Task details:
Given the entries that follow, write out exactly the lines starting at the one containing "Panoramatický pohled na Baalbeck" and ending at the one containing "We've Made Renewing", both ends included, and only those.

Provided data:
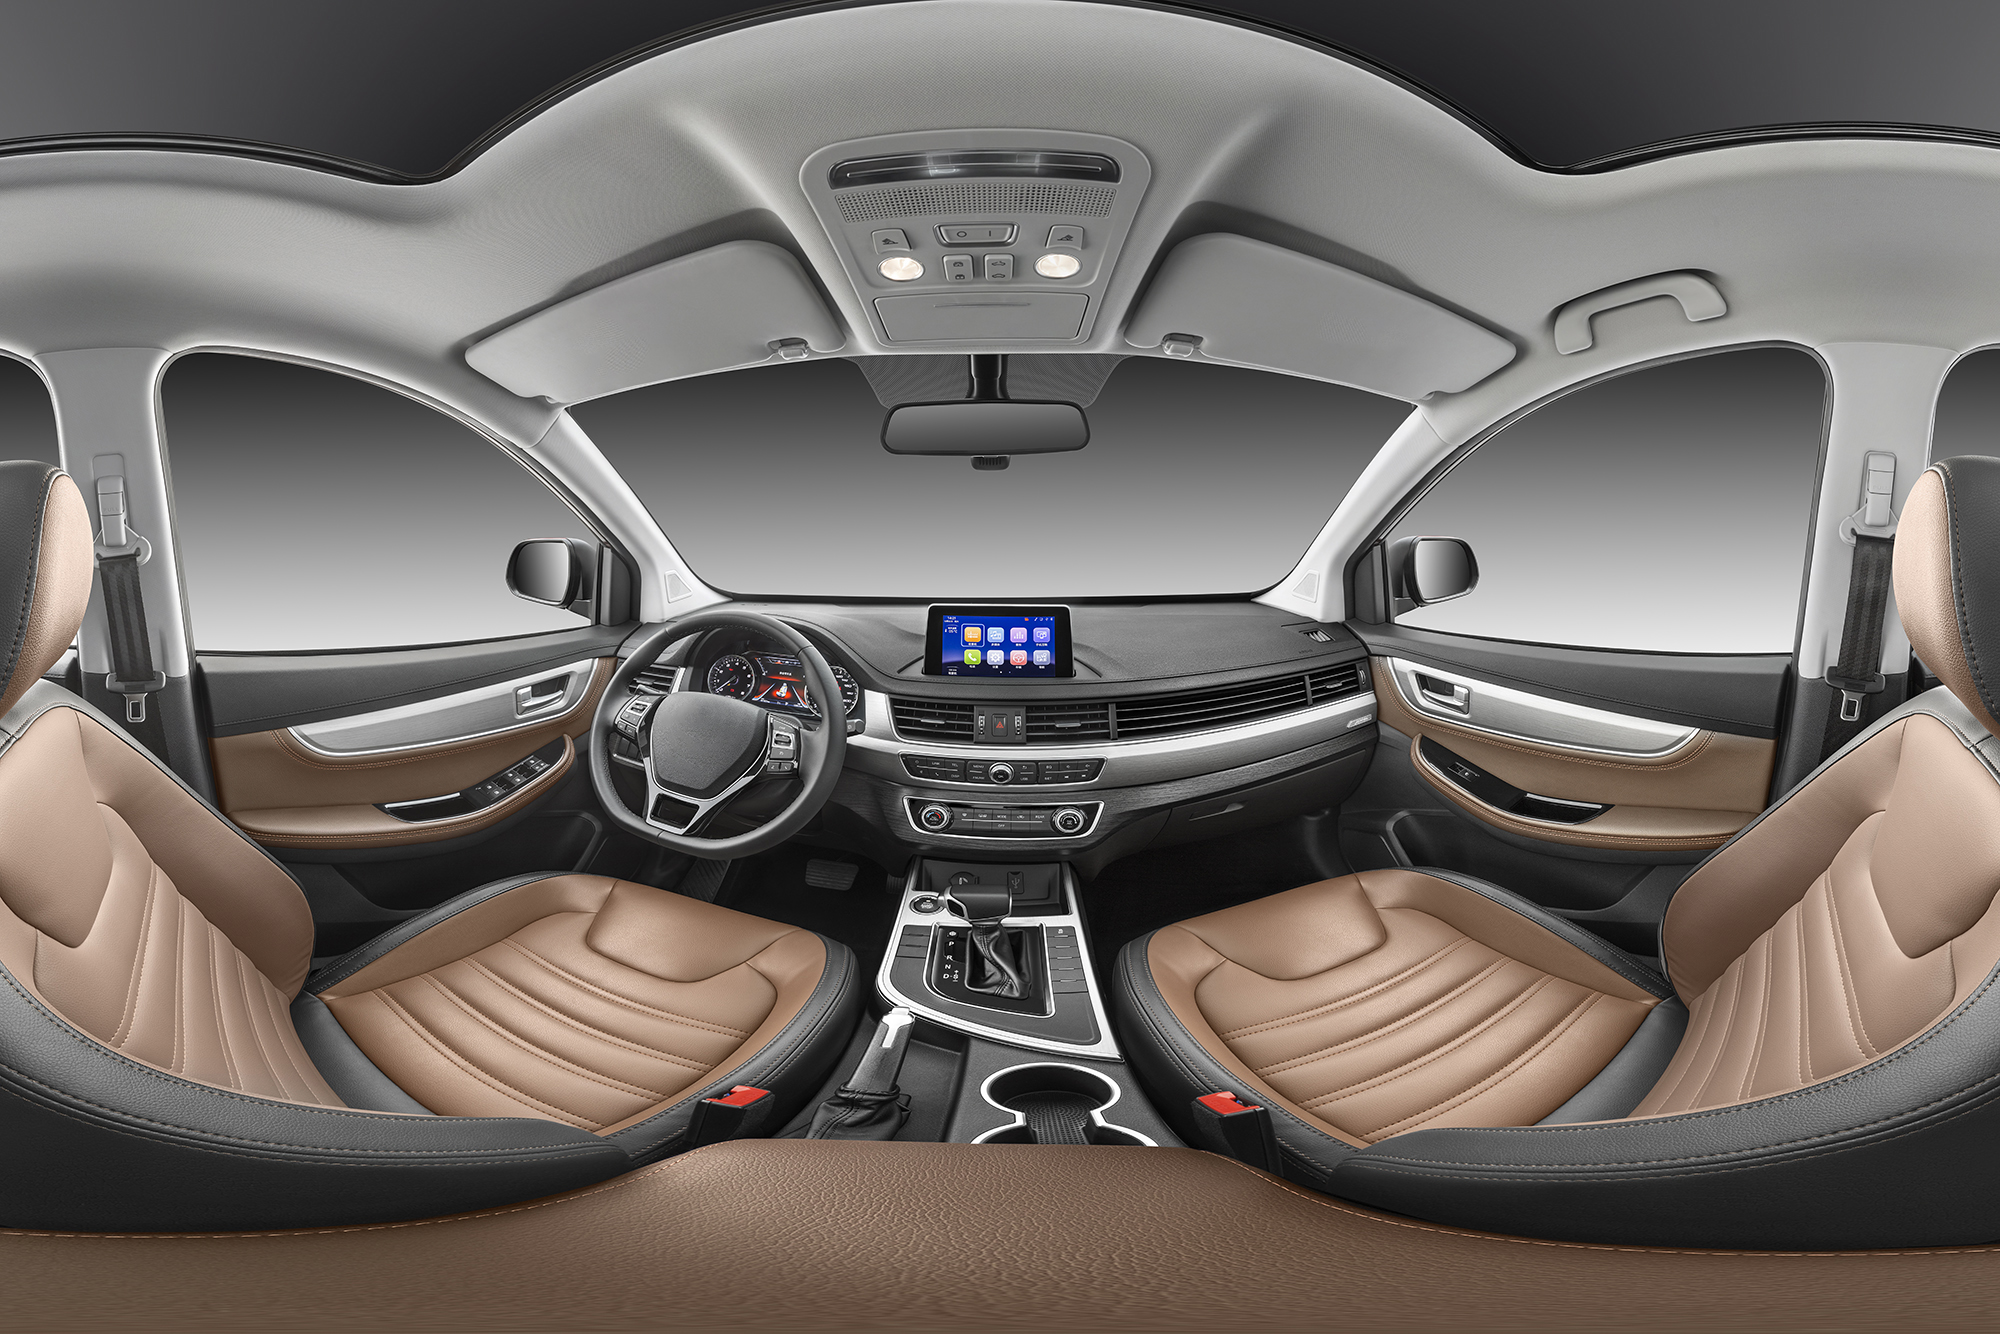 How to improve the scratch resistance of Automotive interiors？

==

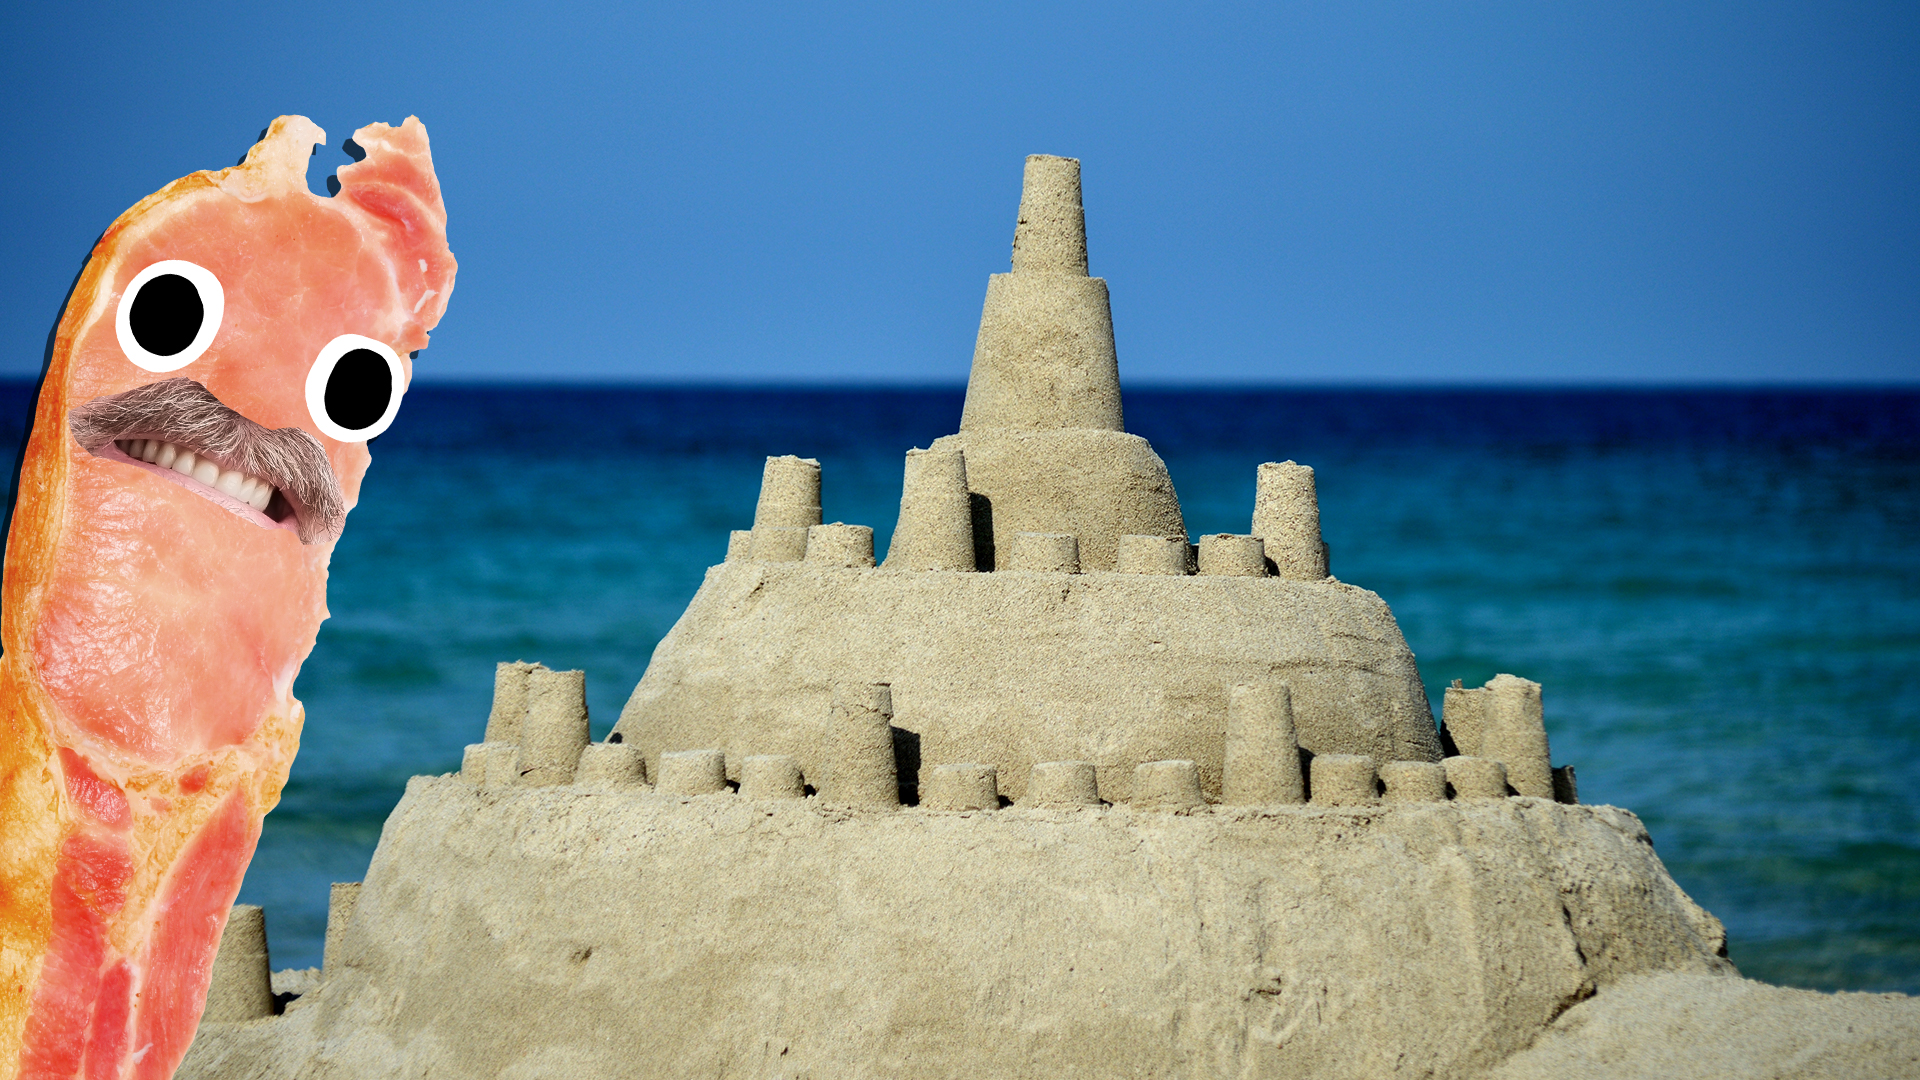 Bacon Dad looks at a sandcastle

==

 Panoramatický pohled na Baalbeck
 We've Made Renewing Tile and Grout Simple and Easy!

Answer to the exercise:
 Panoramatický pohled na Baalbeck
 We've Made Renewing Tile and Grout Simple and Easy!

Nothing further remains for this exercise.